There is no timetable yet for when the plants will actually have to close.
Provincial officials said the agreement in principle is recognition by the federal government that Nova Scotia has already achieved greenhouse gas emissions targets by adopting expensive renewable energy like wind power.
"This is a win-win for Nova Scotia," Premier Stephen McNeil said Monday in announcing the deal.
Cap-and-trade
McNeil has argued carbon pricing is already embedded in higher power rates because of the use of renewables.
The province said it will also create its own cap-and-trade system for polluters outside the electricity sector, primarily liquid fuel distributors.

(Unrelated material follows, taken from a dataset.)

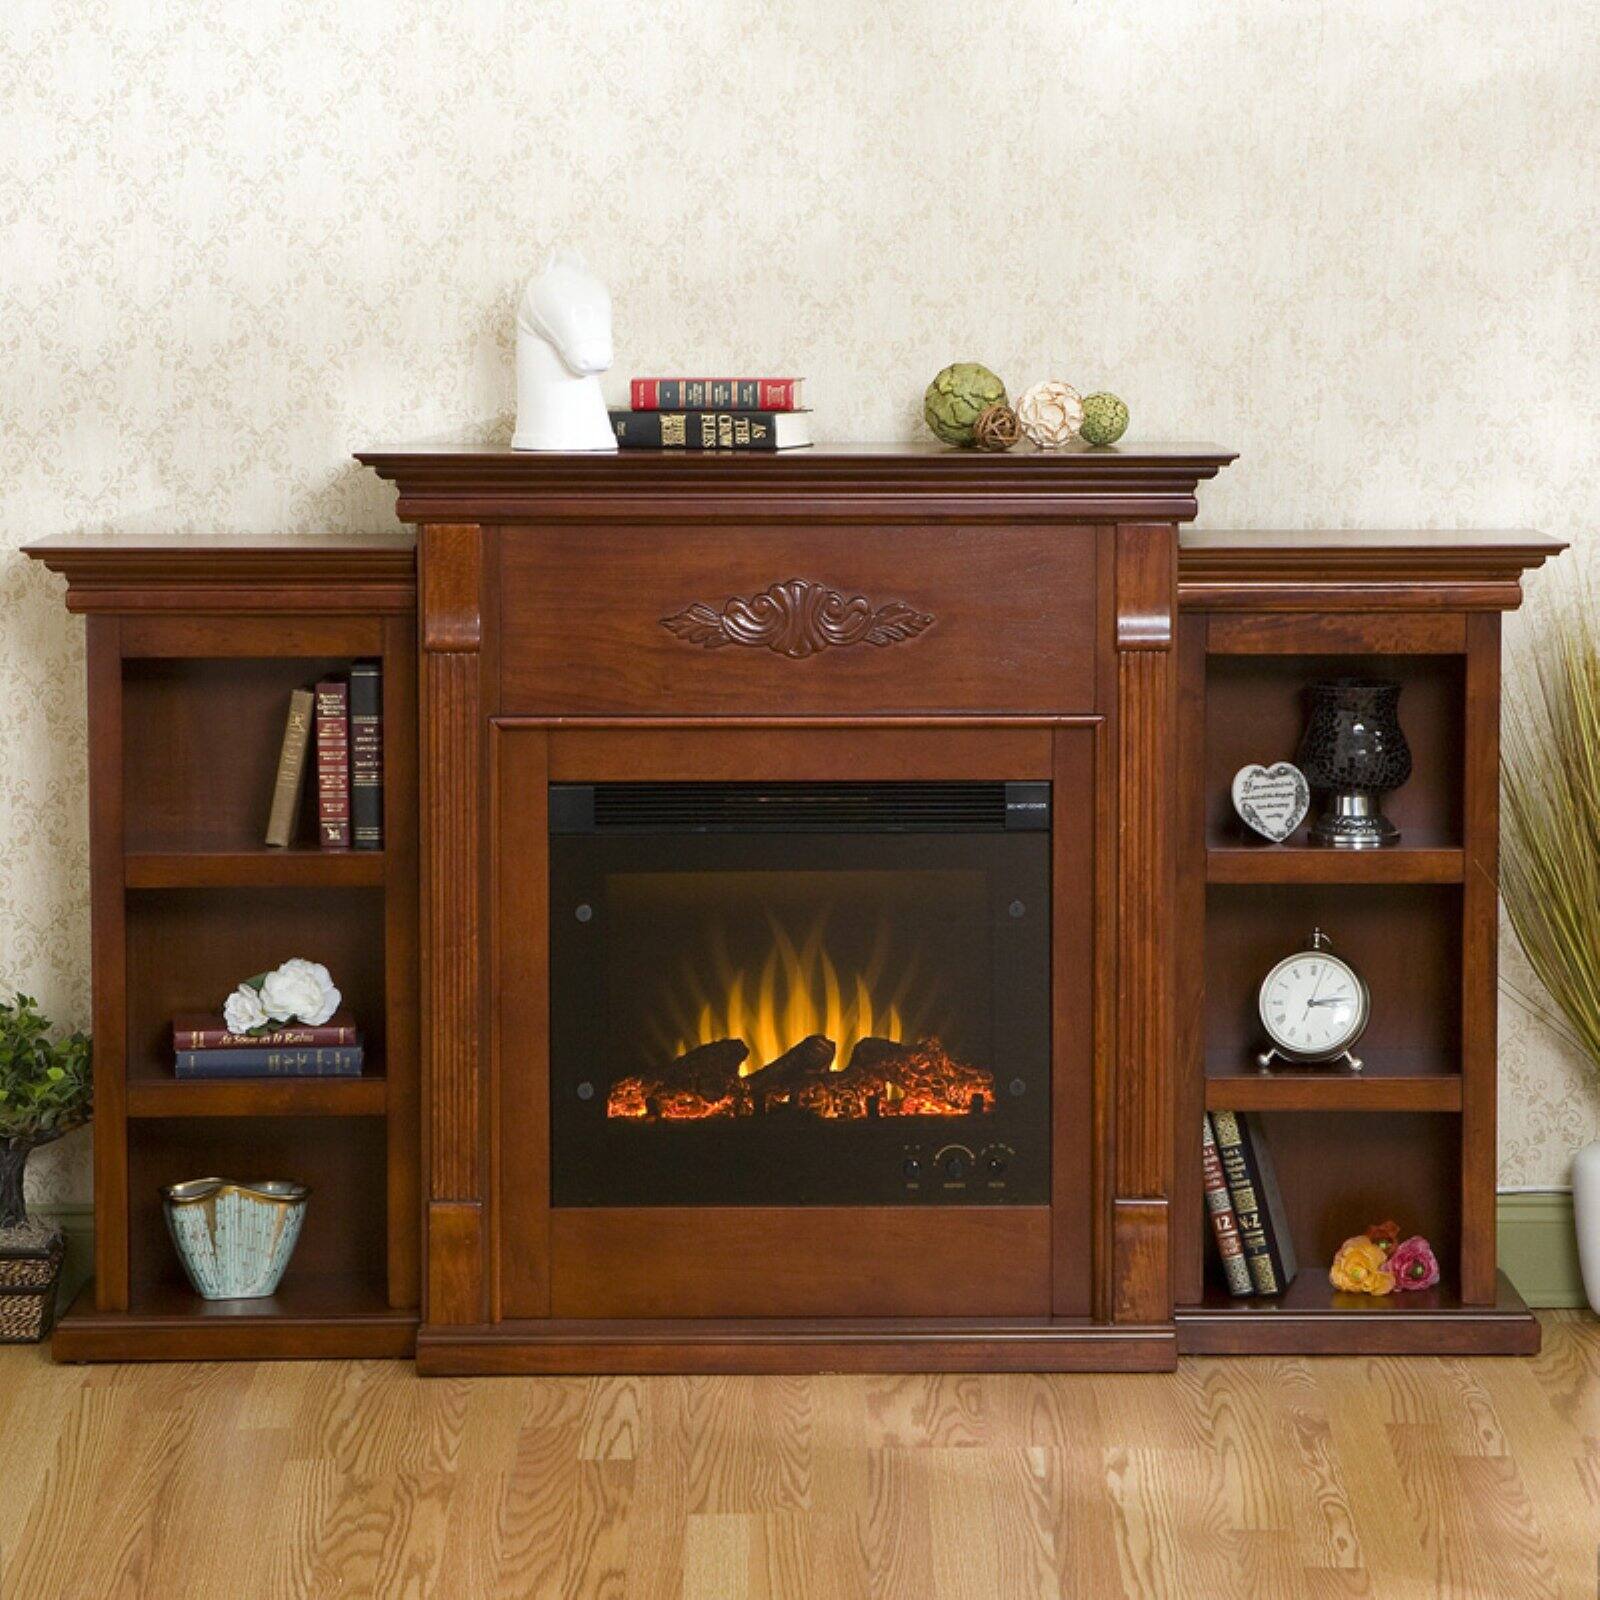 SEI Furniture Fredricksburg Wood Electric Fireplace with Bookcases in Brown - image 2 of 2

Provincial officials said they were unable to provide the economic impact of either the new equivalency agreement or a cap-and-trade system. Regulations have yet to be developed.
Welcomed outcome
The province will establish a cap with emitters and create an equivalency agreement by 2018.
The outcome was welcomed Monday by the operator of the province's four coal-fired plants.
"We need to understand more of the detail, but from what we know today this recognizes the investment customers have made in renewables, and getting off carbon. The most investment made anywhere in the country," said Sasha Irving, a spokeswoman for Nova Scotia Power.
The new equivalency agreement will replace the original deal signed in 2014 by the Harper government with Nova Scotia.